León XIII destacó ampliamente la importancia del rezo en familia para el bien del matrimonio y de la familia.

San Pío X afirmaba: «Si queréis que la paz reine en vuestras familias y en vuestra patria, rezad todos los días el Rosario con todos los de casa».

El beato Pablo VI recomendaba: «Deseamos vivamente que, cuando un encuentro familiar se convierta en tiempo de oración, el Rosario sea su expresión frecuente y preferida» (Maríalis cultus, n. 54).

San Juan Pablo II proclama en su Carta Apostólica Rosarium Virginis Maríae (16 de octubre de 2002) «El Rosario es, desde siempre, una oración de la familia y por la familia… Se ha de volver a rezar en familia y a rogar por las familias, utilizando todavía esta forma de plegaria. La familia que reza unida, permanece unida. El santo Rosario, por antigua tradición, es una ora­ción que se presta particularmente para reunir a la familia… La familia que reza unida el Rosario reproduce en cierto modo el clima de la casa de Nazaret: Jesús está en el centro, se comparten con él alegrías y dolores, se ponen en sus manos las necesidades y proyectos, se obtienen de él la esperanza y la fuerza para el camino. Es hermoso y fructuoso confiar también a esta oración el proceso de crecimiento de los hijos… Rezar con el Rosario por los hijos, y, mejor aún, con los hijos (nn. 41-42).

Benedicto XVI invita a releer la Carta Apostólica Rosarium Virginis Mariae del Siervo de Dios Juan Pablo II e invita a llevar a la práctica sus indicaciones a nivel personal, familiar y comunitario (Angelus 2. 10. 05)

Igualmente, invita a los recién casados, a «hacer del rezo del Rosario en familia un momento de crecimiento espiritual bajo la mirada de la Virgen María» (Audiencia General 17. 05. 06).

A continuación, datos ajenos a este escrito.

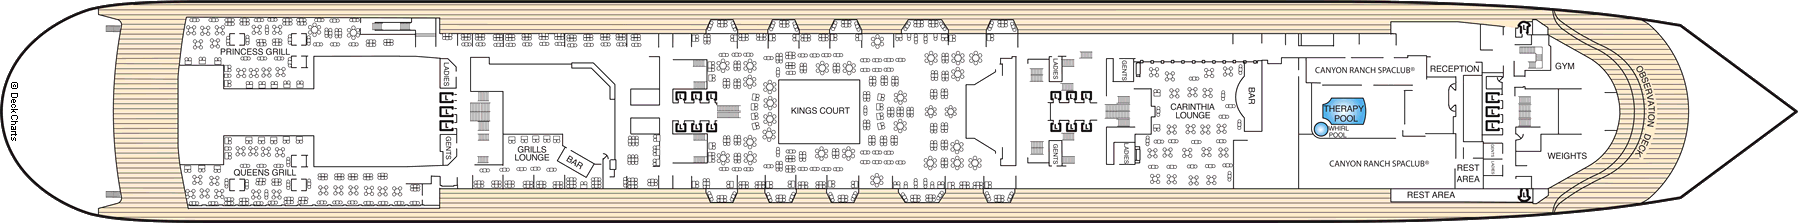 Планы палуб Queen Mary 2: Палуба 7
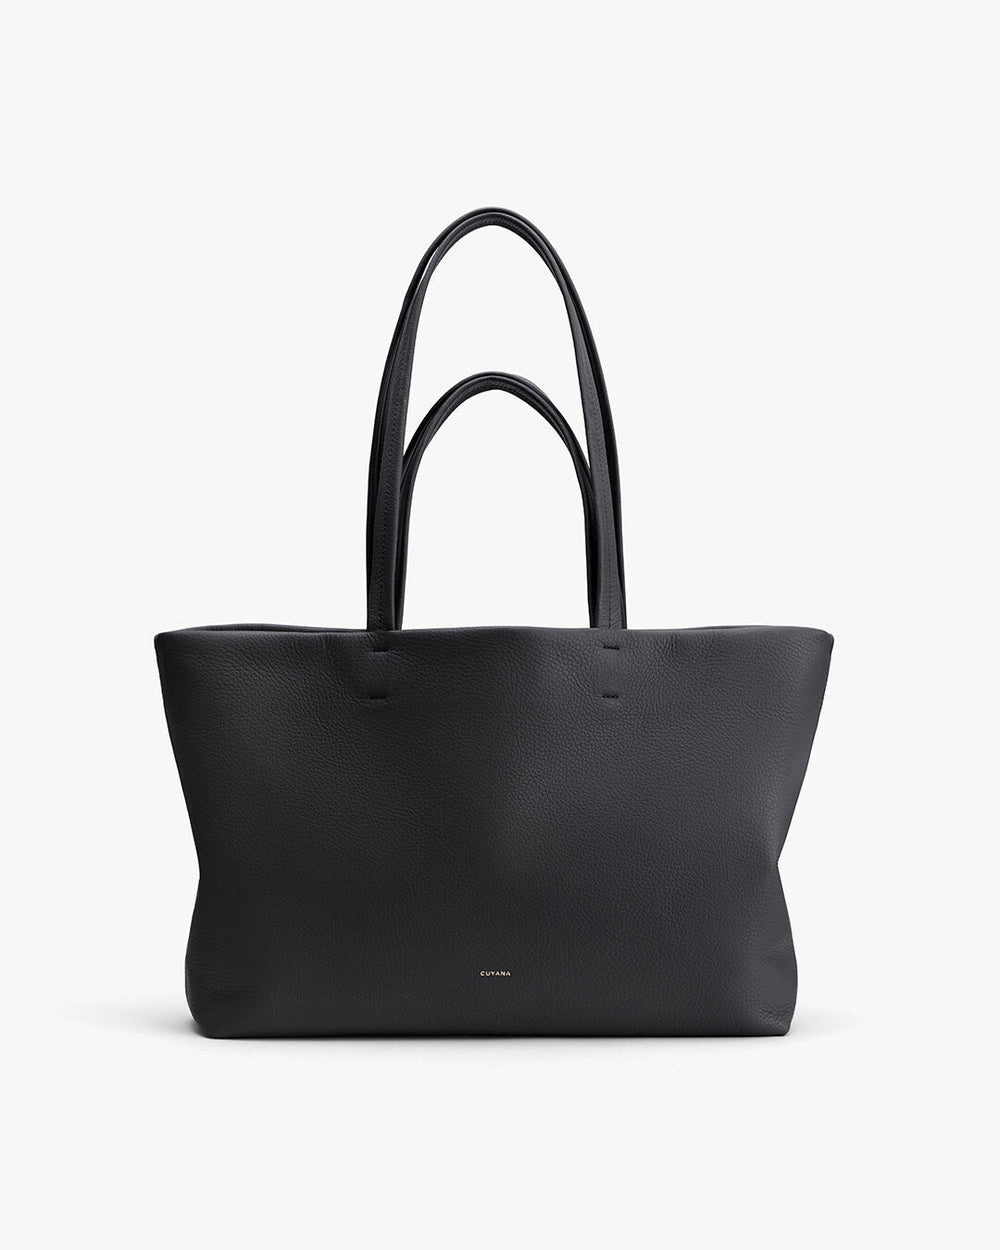 Cuyana double loop review : r/handbags

Francisco nos dice: «En el mes de mayo, quisiera recordar la importancia y la belleza de la oración del santo Rosario. Rezando el Ave María, somos conducidos a contemplar los misterios de Jesús, es decir a reflexionar sobre los momentos centrales de su vida, para que, como para María y para san José, Él sea el centro de nuestros pensamientos, de nuestras atenciones y de nuestras acciones. ¡Sería hermoso si, sobre todo en este mes de mayo, se rezase juntos en familia, con los amigos, en Parroquia, el santo Rosario o alguna oración a Jesús y a la Virgen María! La oración en conjunto es un momento precioso para hacer aún más sólida la vida familiar, la amistad! ¡Aprendamos a rezar cada vez más en familia y como familia!»

Ayuda a la santificación de la familia

La familia necesita rezar y orar para perseverar en la gracia, para ser fiel a los fines del matrimonio y para vivir unidos.

El rezo del Rosario ayuda a la familia a perseverar en la gracia porque estimula a acudir con frecuencia a los sacramentos, centrados en la Eucaristía. La familia no puede mantenerse si no se apoya en la gracia y en la oración.

El rezo del Rosario ayuda a la familia a ser fiel a los fines del Matrimonio porque alimenta los criterios de fe sobrenatural, alienta la esperanza que se apoya en Dios y favorece el verdadero amor como entrega y comunión.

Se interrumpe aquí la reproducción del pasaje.